Elder smiled. 'It's that underfloor thing. Comes on automatically, as far as I can tell.'

'No thermostat? Override?'

'What looks like a thermostat in the bedroom. Doesn't seem to work.'

Karen looked at him, eyebrow raised. 'How about the living room? Is it any warmer in there?'

'I doubt it, but I'm not sure. I seem to spend most of my time in here.'

In the kitchen were a dining table and two chairs and little else. Karen wandered off to check the living room, while Elder rinsed two glasses and wiped them dry. Still wearing her coat, Karen returned and looked idly along the kitchen shelves.

'This is how it works, then? They set you up in one of these places, what, rent free?'

Elder nodded.

'Plus salary?'

'Some kind of daily rate.'

'Overtime?'

'We didn't discuss it.'

'Maybe I should apply for early retirement now.'

'What? Before you make superintendent?'

'Yeah.
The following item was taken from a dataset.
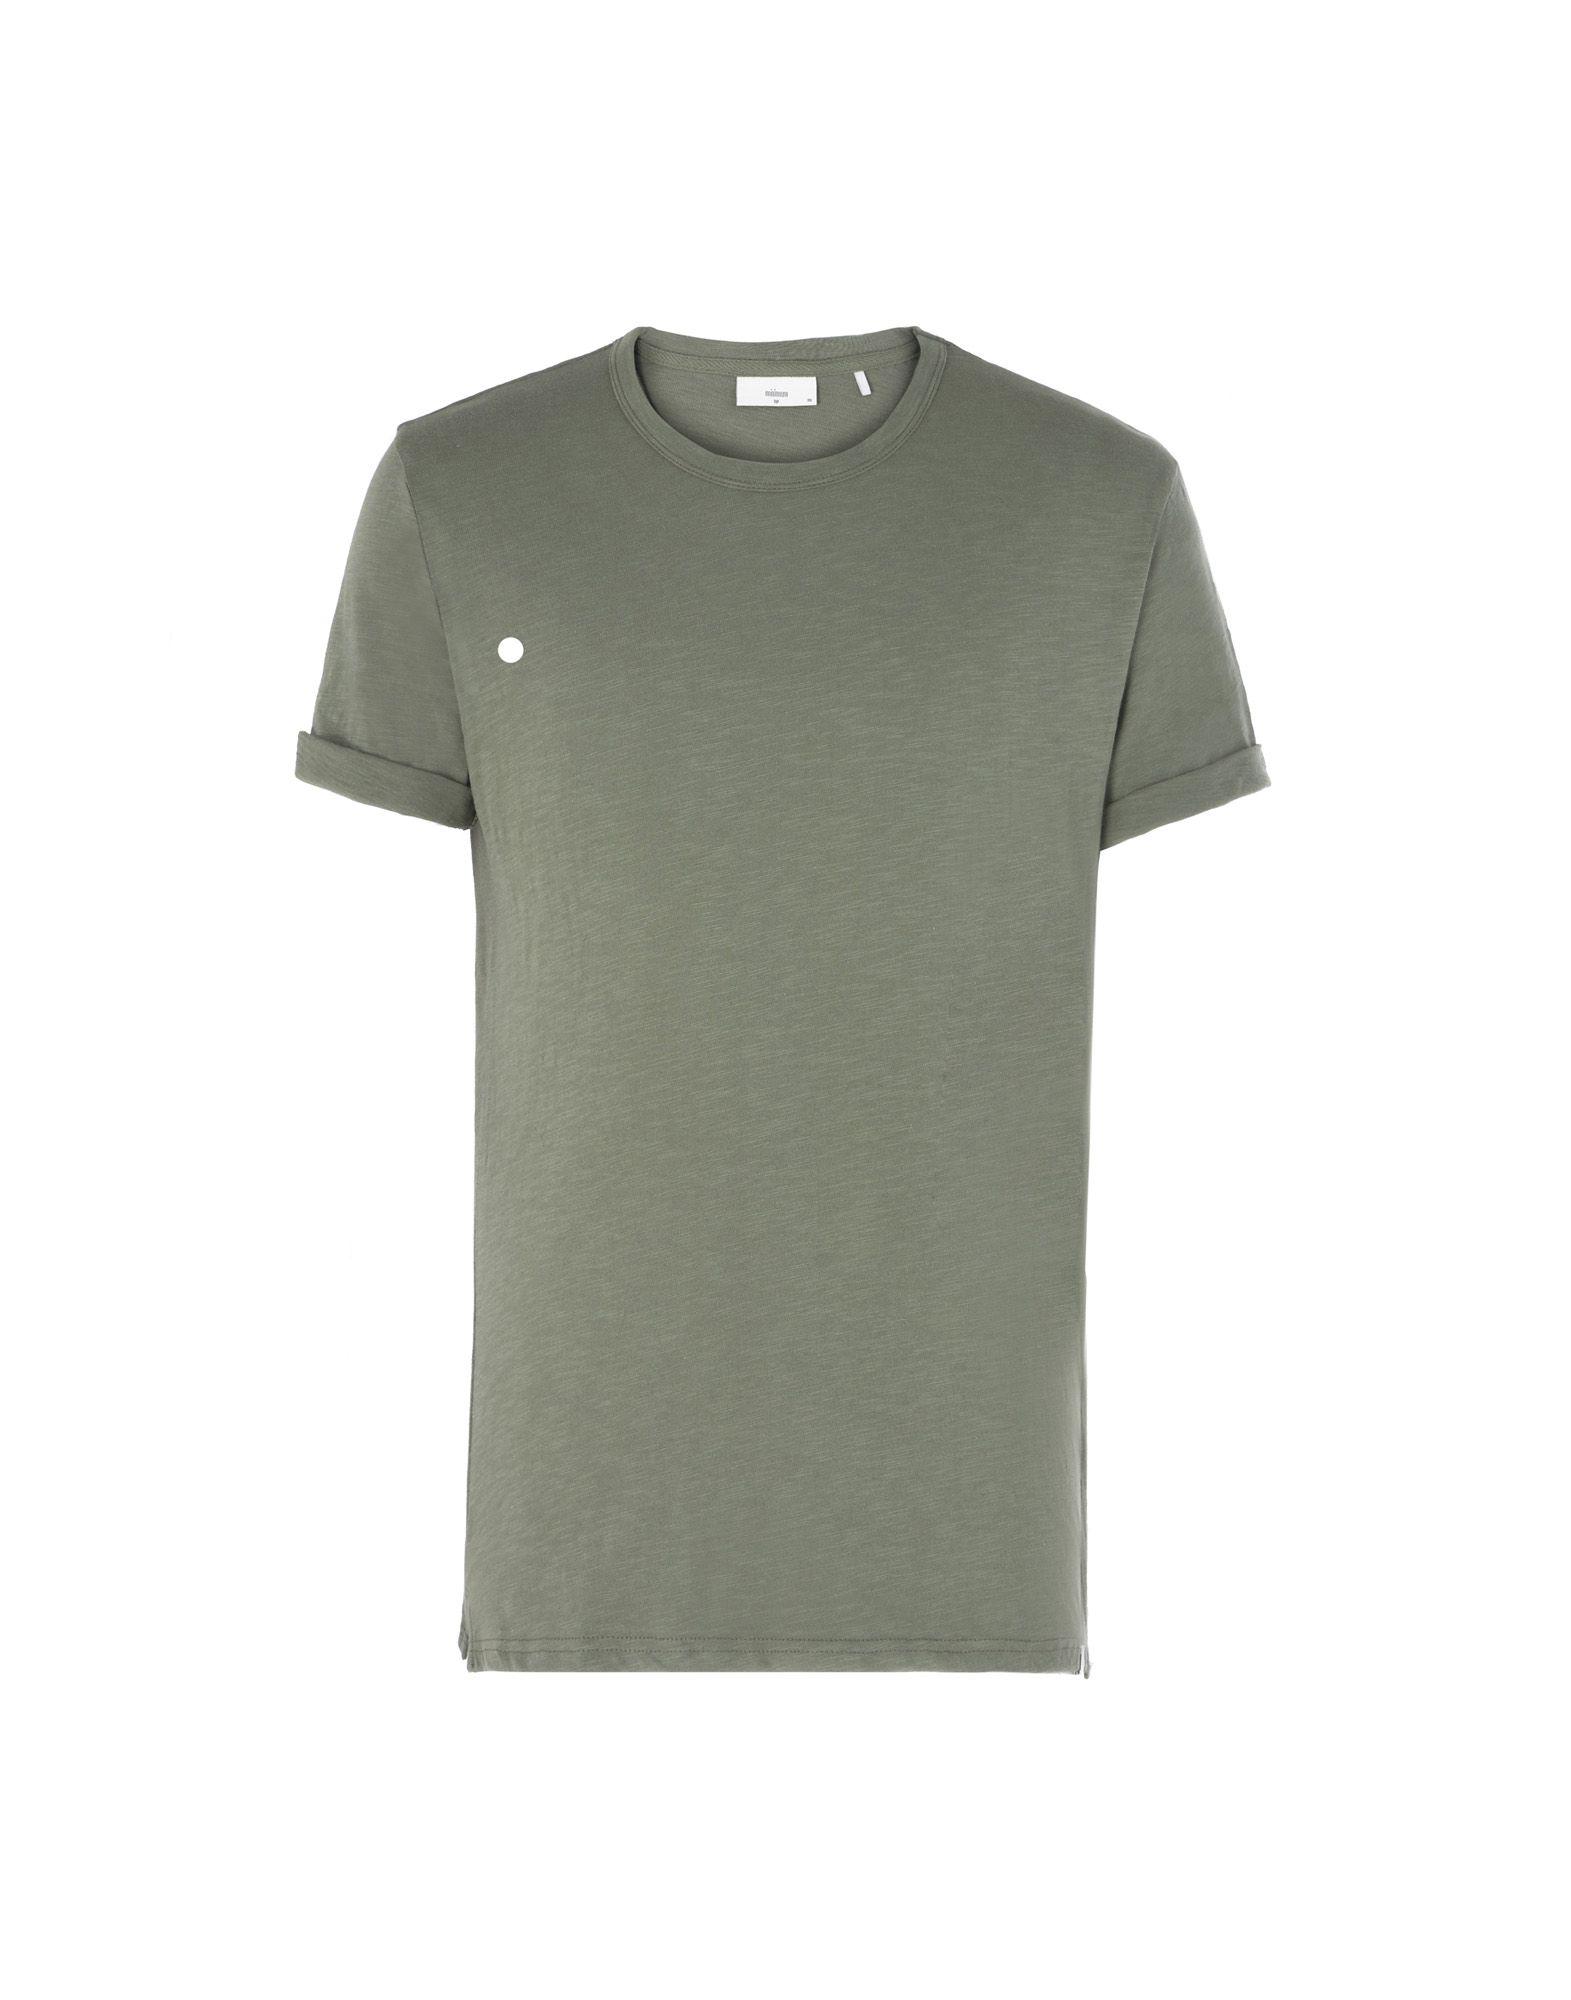 Lyst - Minimum T-shirt in Green for Men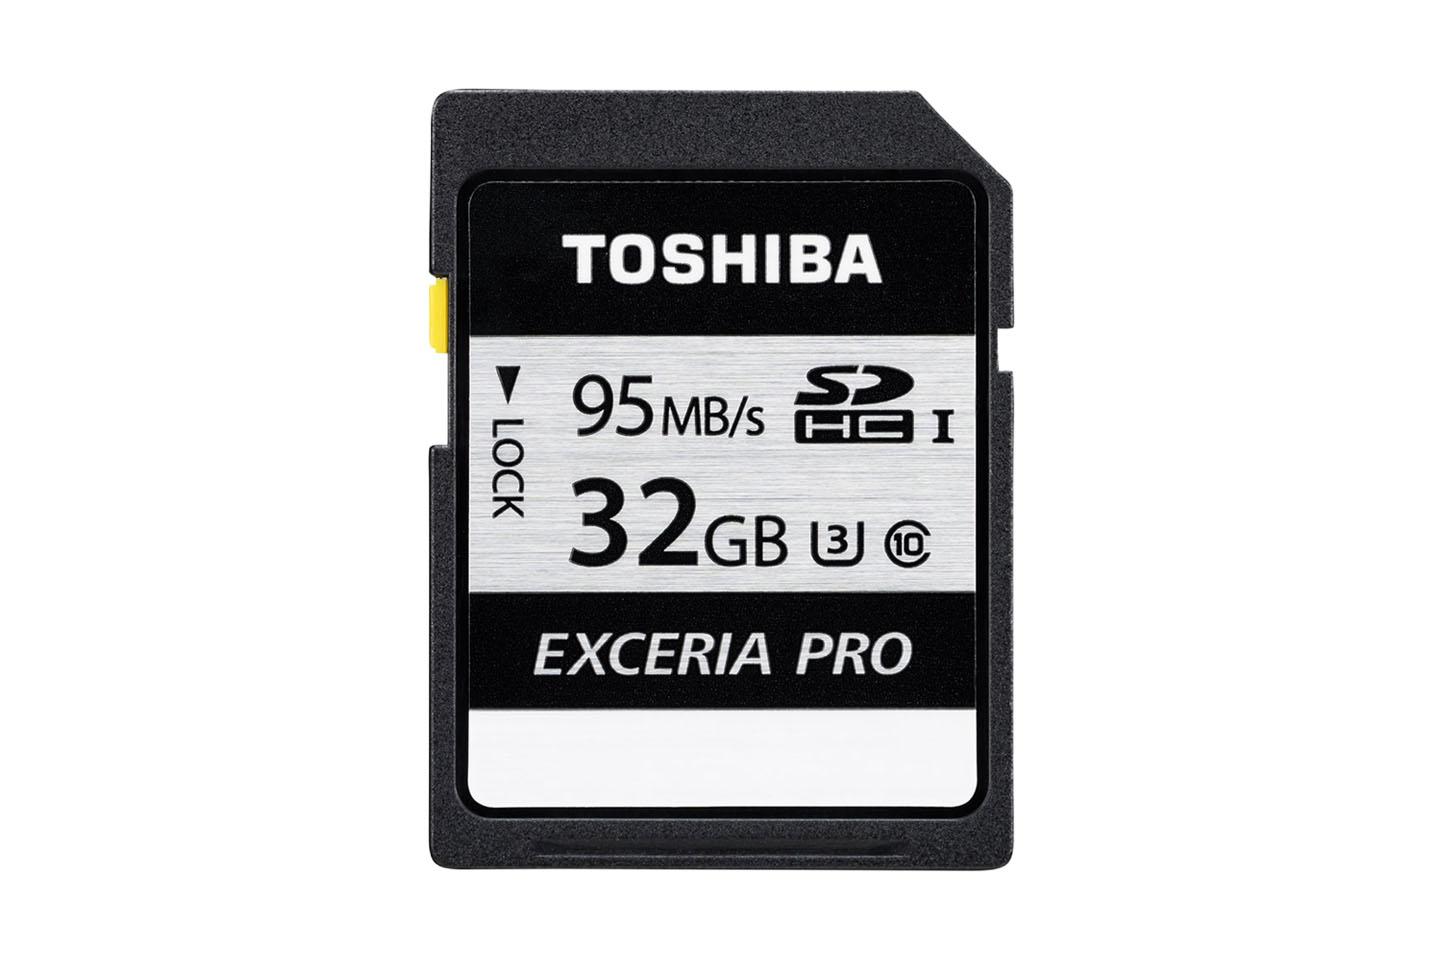 SDHCカード32GB UHS1(TOSHIBA)

And hell freezes over.'

Elder was holding the bottle of Jameson's over Karen's glass. 'Say when.'

'Say it for me.'

He poured them both a good shot, considered, then poured a little more.

'Cheers.'

They clinked glasses and stepped back.

'You want to sit?'

'Why not?'

The chairs were made from some kind of moulded plastic, less uncomfortable than they looked, though it was a close thing.

'It really got to you, didn't it?' Elder said. 'This afternoon.'

Karen shrugged. 'Kind of thing you hear all the time.'

Elder thought there was more to it than that, but he let it ride.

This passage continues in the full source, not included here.